The financial crisis shocked the entire region.

“It is also a fact that even with a 15 per cent rate rise Central Coast Council rates would still be below the neighbouring councils of Newcastle, Maitland and Lakes Entrance,” he stated in his three month progress report into the crisis.

“I have been supporting a rate rise because I can’t see any other way out of this mess we find ourselves in. I accept I will cop criticism from many, but in the end, I need to do what I feel is necessary.”

Council’s financial crisis became public in October 2020, with councillors suspended following the announcement that the council could not pay staff wages.

Mr Persson was appointed to get to the bottom of the issues and revealed in December that the council was looking at an accumulated debt over the past four years of $565m. This includes $200m to be paid back for the use of restricted funds.

He outlined many factors for the financial decline including costs to upgrade IT systems and infrastructure, an industrial dispute, the IPART pricing determination for water services, an increase in 250 staff since the merger and council embarking on a $242m capital works program that it could not afford. This resulted in the unlawful use of restricted funds.

Since then, many strategies have been put in place including securing loans, staff cuts, identifying assets to sell and the proposed rate rise.

Last week, local Labor MPs called for a public inquiry into what they describe as the “failed amalgamation of Central Coast Council” on the back of the proposed rate rise and job losses.

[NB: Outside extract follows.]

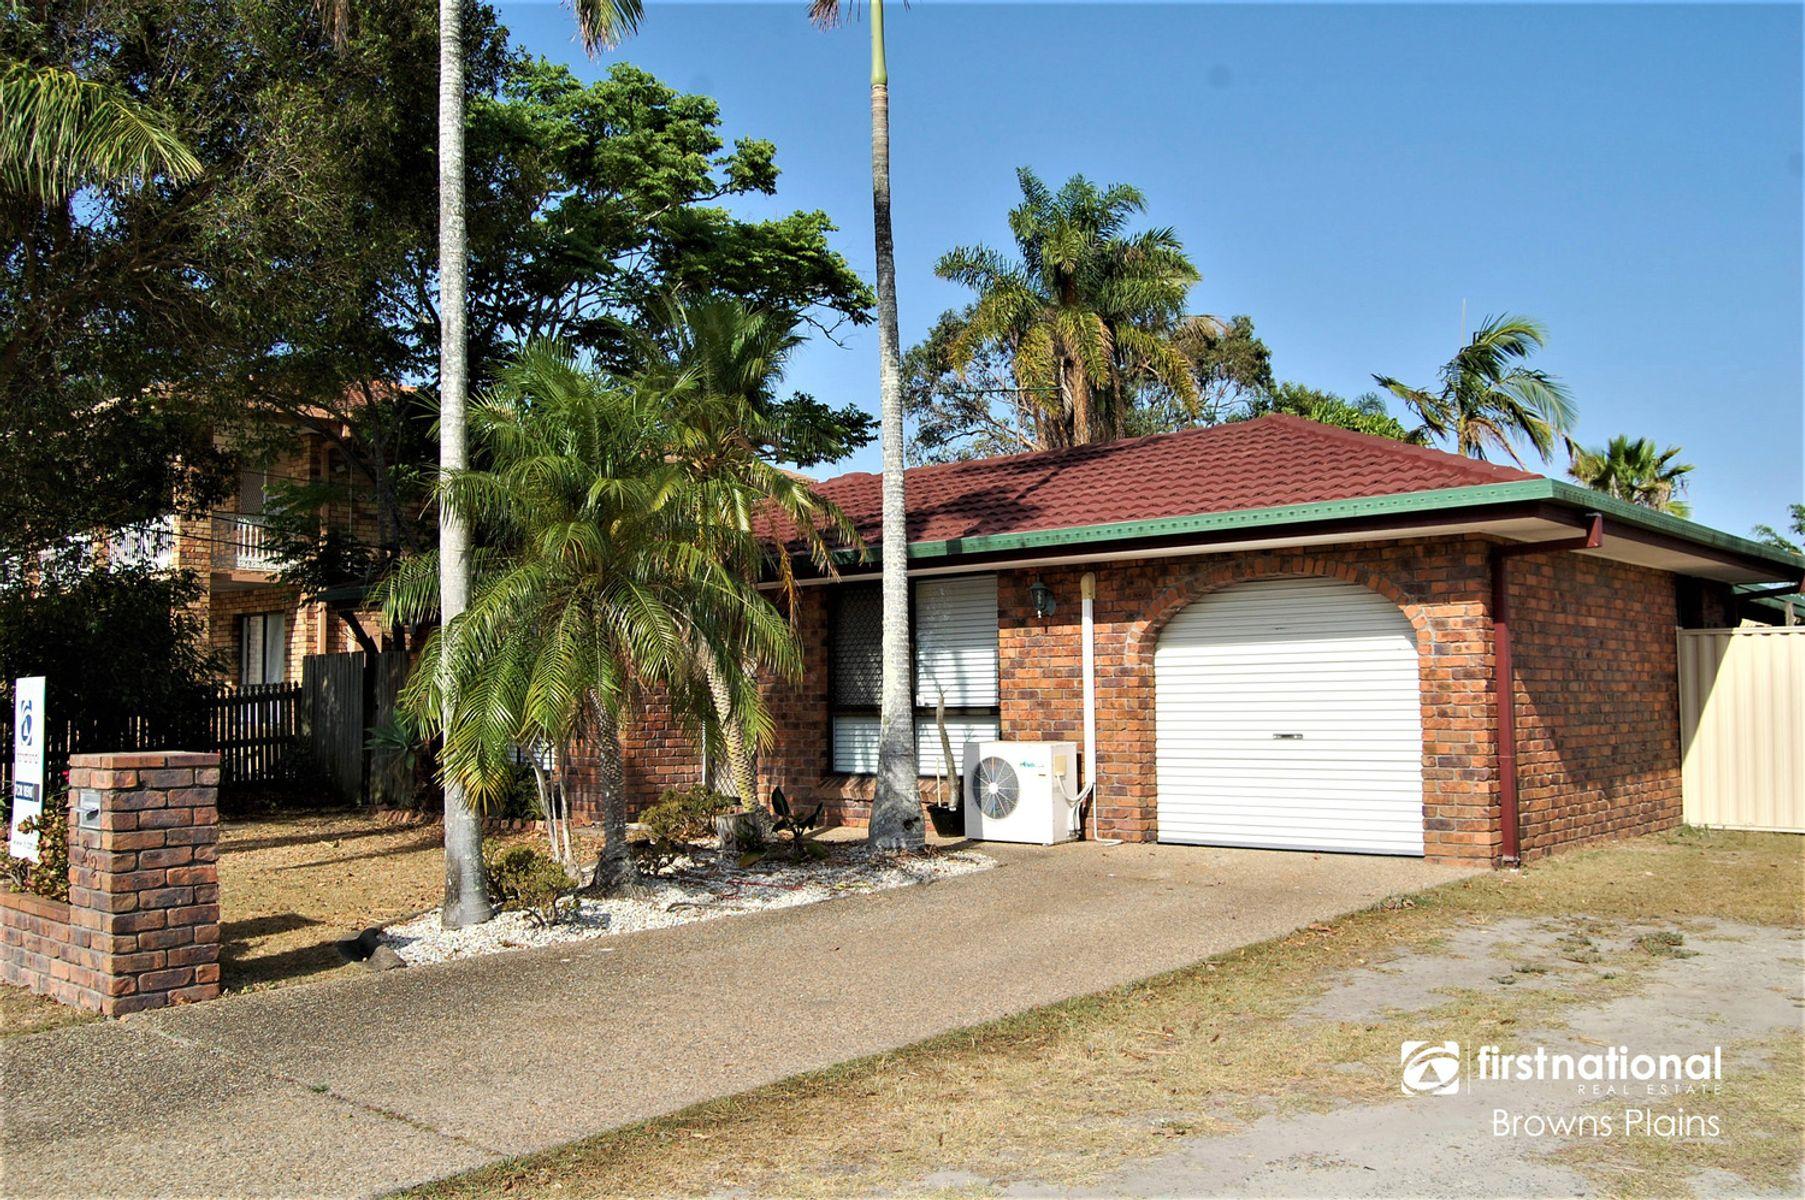 22 Straight Drive, Browns Plains, QLD 4118

Dick Persson AM has stated a rate rise is vital to help get council out of its financial crisis.
Dick Persson AM has stated a rate rise is vital to help get council out of its financial crisis.

“We are calling on the State Government to establish a public inquiry into the collapse of Central Coast Council, the Terms of Reference of which must examine the financial position of the former Wyong and Gosford Councils before amalgamation as well as the structural weaknesses of the new council which the Liberals created in 2016,” Wyong state Labor MP David Harris said.

The Entrance state Labor MP David Mehan said it was not acceptable for the community to foot the bill when a significant proportion opposed the 2016 amalgamation.

Mr Persson has pointed out that the only significant cost to council directly related to the amalgamation was for upgrading IT systems and infrastructure. This amounted to $50m, with $8m ongoing, and council received a grant of $10m from the State Government towards these costs.